Nesse momento, algo aconteceu que mexeu com as nossas
emoções, ficámos em meditação e a Dra. Isabel veio conversar
connosco! Eu fiquei mudo, sem reacção, e a Lígia ficou muito
emocionada porque, agora que as coisas já estavam programadas,
ela queria continuar a ser a dadora, mas obviamente que tal já não
seria possível! Primeiro porque, só se é dadora uma vez na vida e
assim ela ficaria disponivel para outra altura se tal se viesse a
mostrar necessário, depois porque qualquer cirurgia envolveria
riscos e o facto de termos mais duas filhas inibia-nos sequer de
questionar a decisão. Aliás dadas as características do dador, que
por respeito da sua memória não as descrevo, seria absurdo não
aceitar esse fígado, e mesmo que o fizessemos, garantidamente
que ninguém nos ouviria!

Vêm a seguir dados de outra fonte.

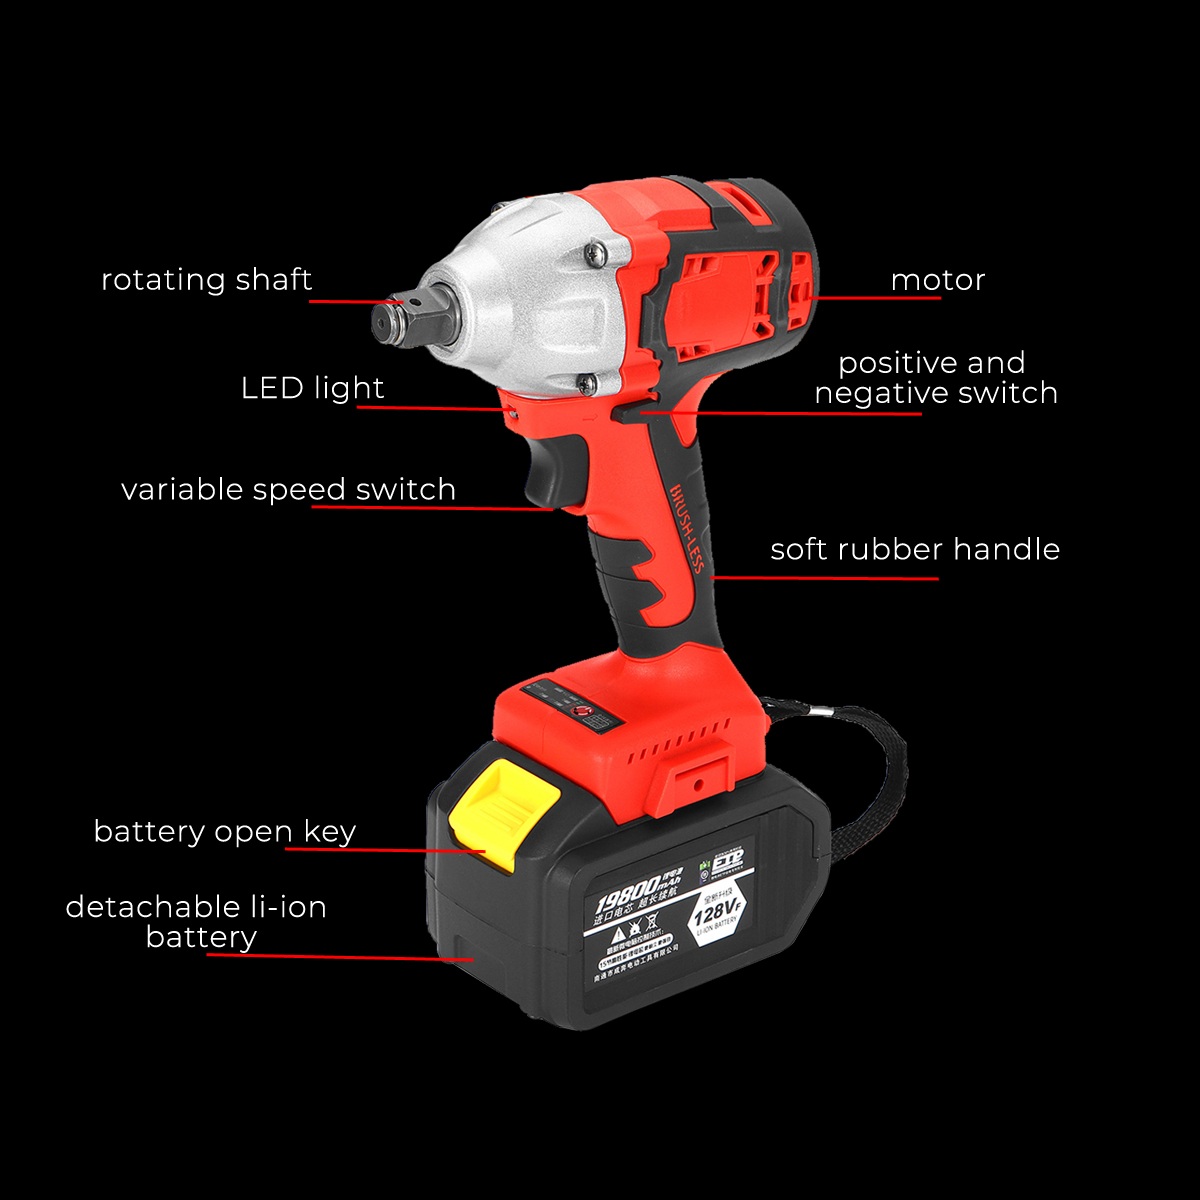 128VF-19800mah-Electric-Impact-Wrench-Brushless-Cordless-Drill-Tool-With-Battery-1685512-3
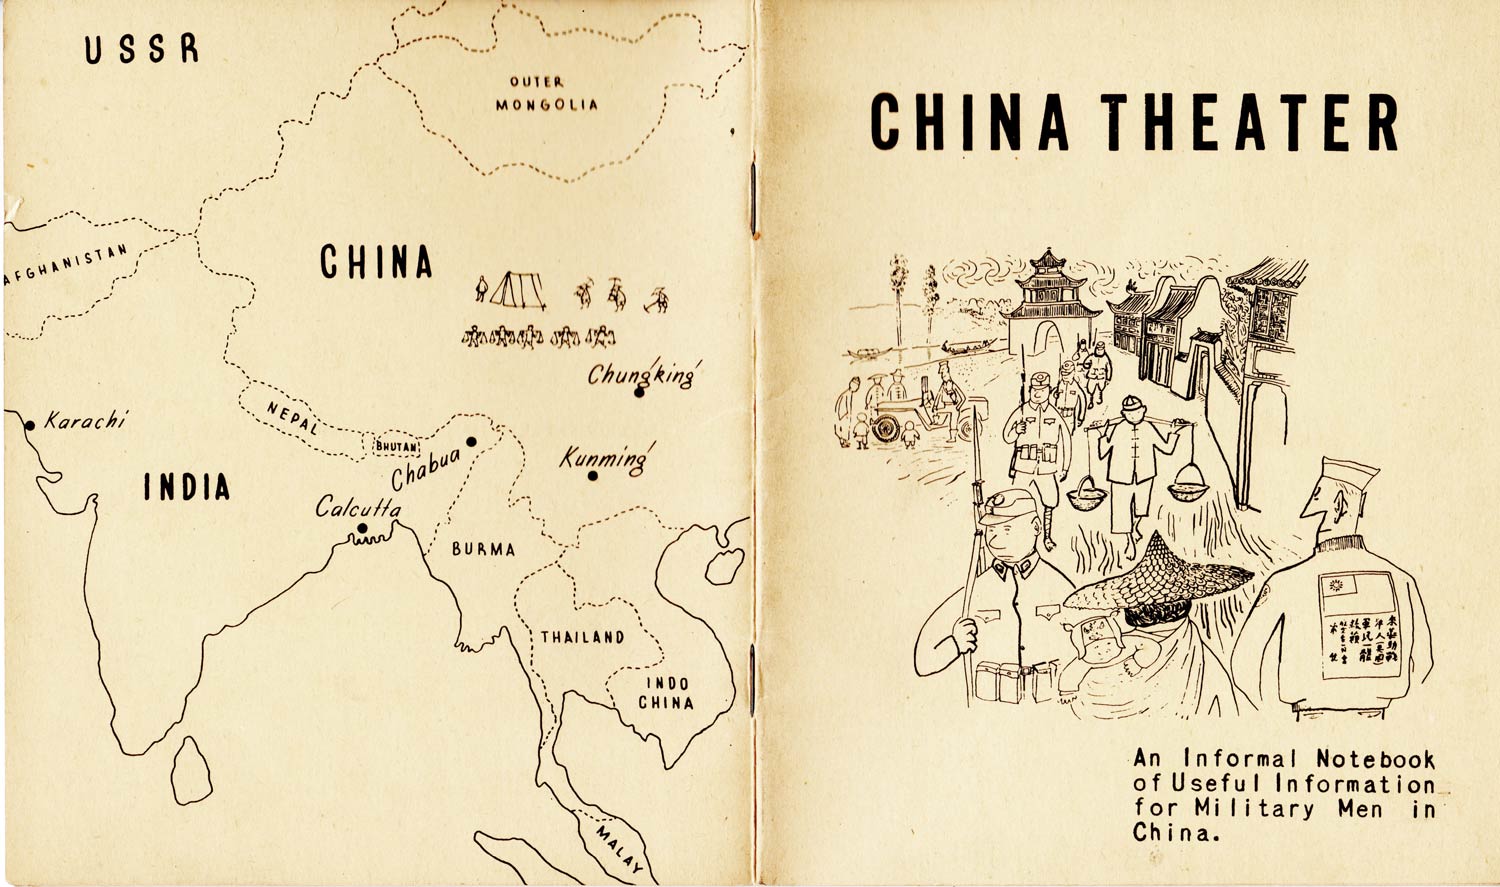 Cover of China Theater: An Informal Notebook of Useful Information for Military Men in China. Produced by the Reproduction Branch of the OSS, probably 1945. The Saul Steinberg Foundation.

Para além de tudo isto, também eu me
opunha, dadas as circunstancias, obviamente, seria uma idiotice
colocar a vida da Lígia em perigo!
Mas a reacção da Lígia era natural e compreensível! Ela
sentia-se um pouco responsável pela insuficiência do Vitinho e por
isso, se a medicina permitia corrigir “o erro”, então parecia-lhe
imperioso que fosse ela a fazê-lo!
O dia que estávamos quase a iniciar seria sem sombra de
dúvidas o dia mais longo das nossas vidas. As horas passavam
muito lentamente e nesse dia o Hospital Pediátrico estava
estranhamente calmo! Entretanto juntou-se novamente a nós a Ana
Paula que fez questão de nos acompanhar nessa fase mais crítica.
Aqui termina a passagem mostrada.